#### [Task to carry out]
Restate word for word the lines of the entries below, starting with the line that holds "Métro, Boulot, Apéro - Unisex T-Shirt" and ending with the line that holds "Видео дня: Президент", and no others.

++++++

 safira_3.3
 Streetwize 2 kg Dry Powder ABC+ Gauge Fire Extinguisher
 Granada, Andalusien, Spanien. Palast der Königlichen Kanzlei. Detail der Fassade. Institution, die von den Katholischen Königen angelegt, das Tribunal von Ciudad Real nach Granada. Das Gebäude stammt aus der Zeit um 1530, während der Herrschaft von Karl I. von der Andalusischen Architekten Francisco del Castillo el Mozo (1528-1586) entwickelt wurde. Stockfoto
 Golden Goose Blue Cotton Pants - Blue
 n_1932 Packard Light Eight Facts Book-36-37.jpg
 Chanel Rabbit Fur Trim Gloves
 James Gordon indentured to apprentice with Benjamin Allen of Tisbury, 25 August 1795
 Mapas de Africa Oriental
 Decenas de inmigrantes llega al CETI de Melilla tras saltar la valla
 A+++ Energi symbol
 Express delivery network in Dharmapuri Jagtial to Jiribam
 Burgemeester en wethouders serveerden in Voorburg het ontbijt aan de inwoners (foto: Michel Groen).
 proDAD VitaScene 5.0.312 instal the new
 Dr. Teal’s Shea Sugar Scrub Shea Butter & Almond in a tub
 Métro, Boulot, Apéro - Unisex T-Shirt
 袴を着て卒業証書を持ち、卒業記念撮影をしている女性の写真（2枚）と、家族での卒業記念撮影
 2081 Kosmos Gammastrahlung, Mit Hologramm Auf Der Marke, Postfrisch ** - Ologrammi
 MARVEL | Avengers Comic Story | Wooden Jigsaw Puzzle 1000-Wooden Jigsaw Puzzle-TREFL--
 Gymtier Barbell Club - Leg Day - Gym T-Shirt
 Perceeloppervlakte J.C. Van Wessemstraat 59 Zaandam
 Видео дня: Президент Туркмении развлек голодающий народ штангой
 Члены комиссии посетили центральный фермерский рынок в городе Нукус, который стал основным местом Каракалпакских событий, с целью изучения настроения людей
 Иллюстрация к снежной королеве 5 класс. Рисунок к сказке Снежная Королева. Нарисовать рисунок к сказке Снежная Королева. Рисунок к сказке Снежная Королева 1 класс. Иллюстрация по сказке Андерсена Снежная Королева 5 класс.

++++++

#### [Worked solution]
 Métro, Boulot, Apéro - Unisex T-Shirt
 袴を着て卒業証書を持ち、卒業記念撮影をしている女性の写真（2枚）と、家族での卒業記念撮影
 2081 Kosmos Gammastrahlung, Mit Hologramm Auf Der Marke, Postfrisch ** - Ologrammi
 MARVEL | Avengers Comic Story | Wooden Jigsaw Puzzle 1000-Wooden Jigsaw Puzzle-TREFL--
 Gymtier Barbell Club - Leg Day - Gym T-Shirt
 Perceeloppervlakte J.C. Van Wessemstraat 59 Zaandam
 Видео дня: Президент Туркмении развлек голодающий народ штангой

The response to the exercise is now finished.